### What is required
Among the lines of the listing below, retype exactly those from the one containing "So geeeked! We" through the one containing "#MJtheMusicalTour #DallasTX #Broadway", both included. Do not include pictures.

### Extracted entries
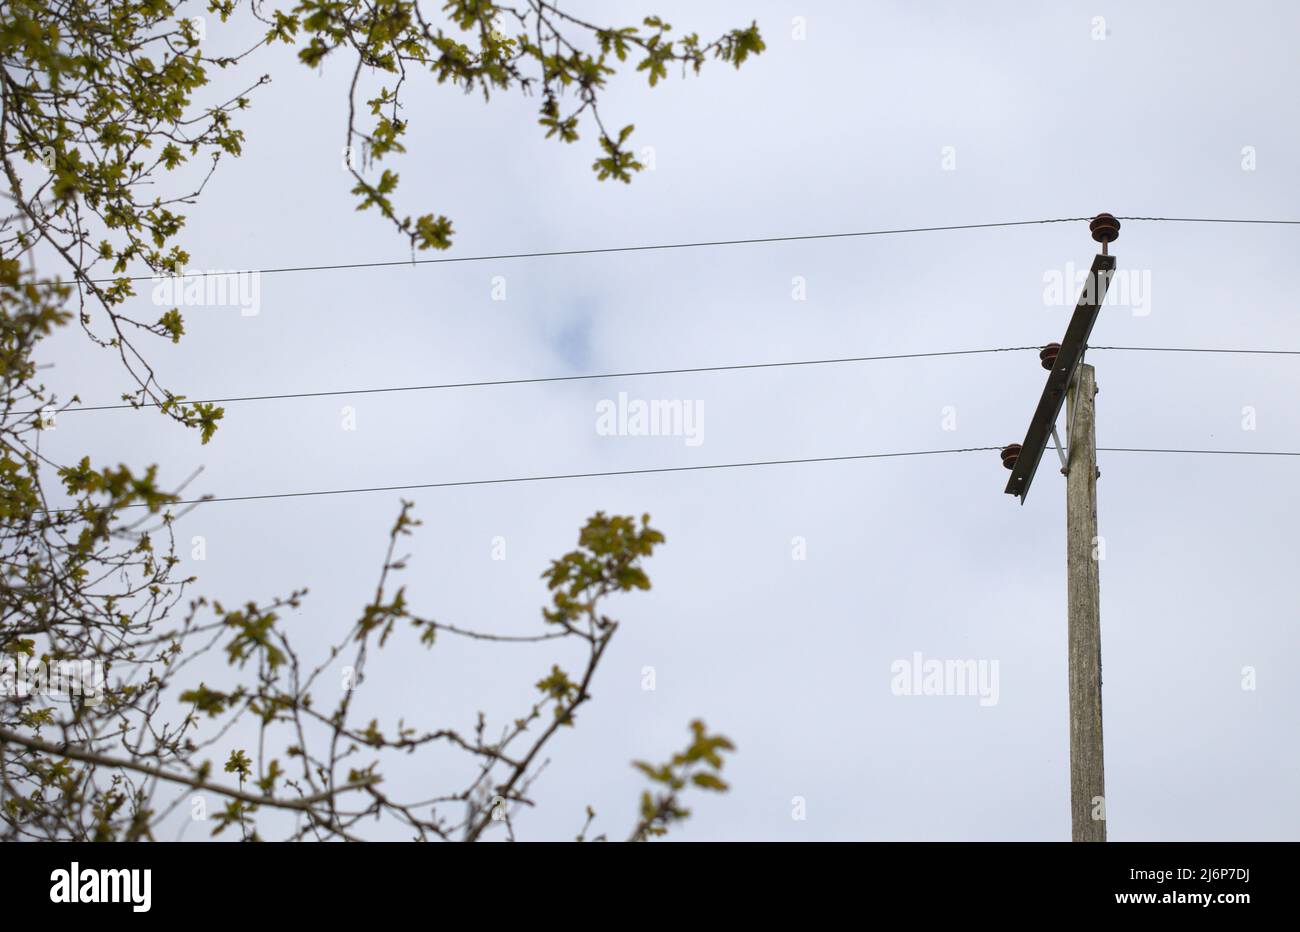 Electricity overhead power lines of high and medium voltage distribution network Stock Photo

==

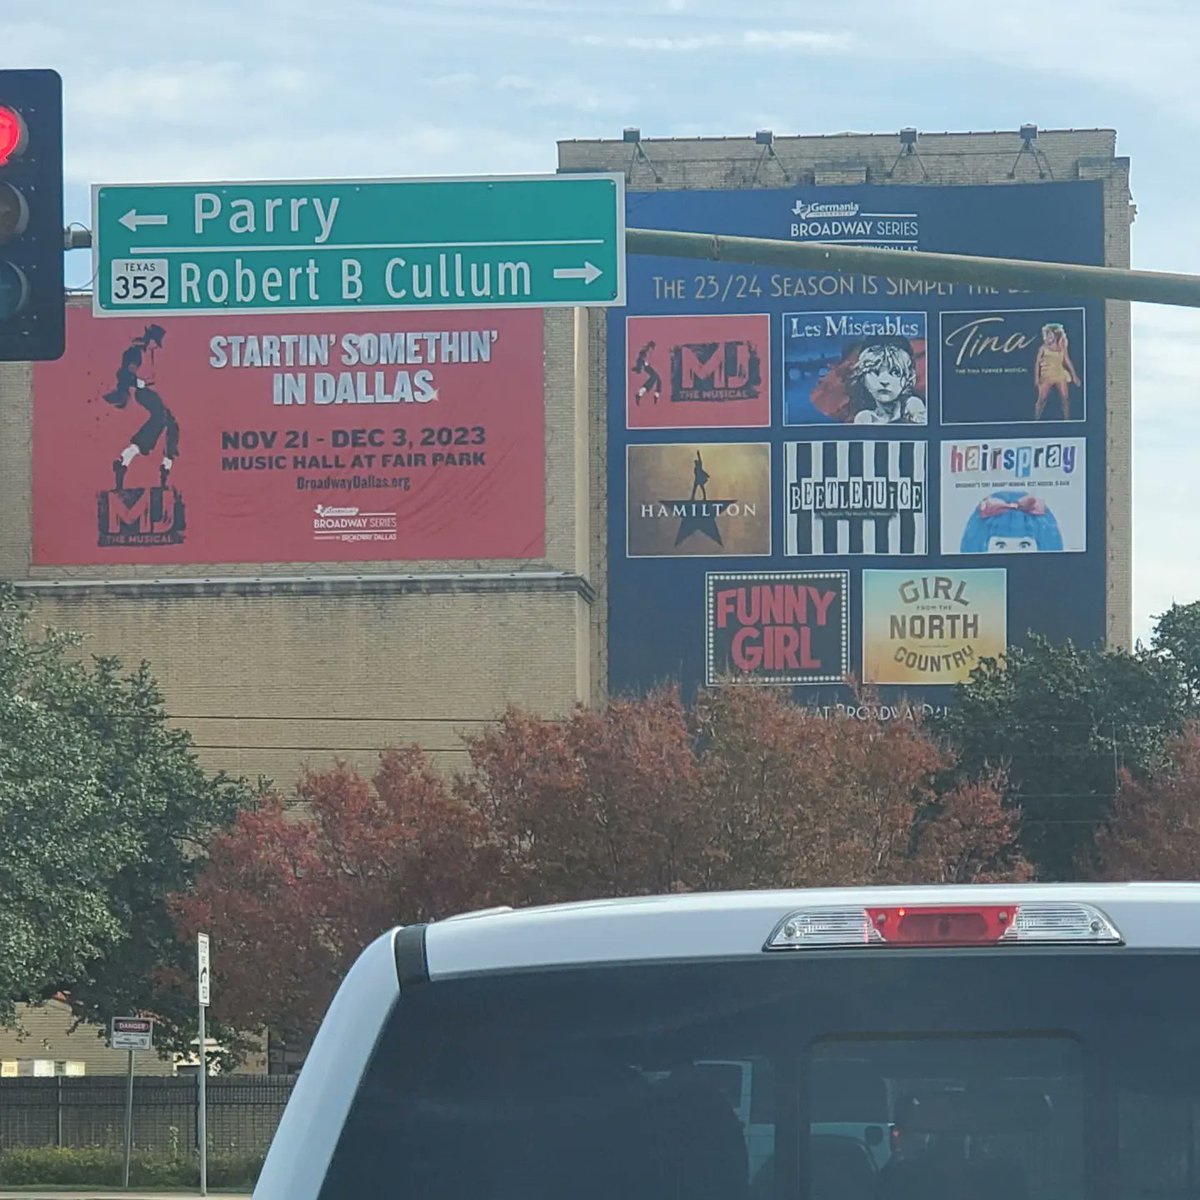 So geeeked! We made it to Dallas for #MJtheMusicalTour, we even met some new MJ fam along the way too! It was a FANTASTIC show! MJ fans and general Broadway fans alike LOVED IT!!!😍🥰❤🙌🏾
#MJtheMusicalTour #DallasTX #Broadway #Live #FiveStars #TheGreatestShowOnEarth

### Solution to the exercise
 So geeeked! We made it to Dallas for #MJtheMusicalTour, we even met some new MJ fam along the way too! It was a FANTASTIC show! MJ fans and general Broadway fans alike LOVED IT!!!😍🥰❤🙌🏾
#MJtheMusicalTour #DallasTX #Broadway #Live #FiveStars #TheGreatestShowOnEarth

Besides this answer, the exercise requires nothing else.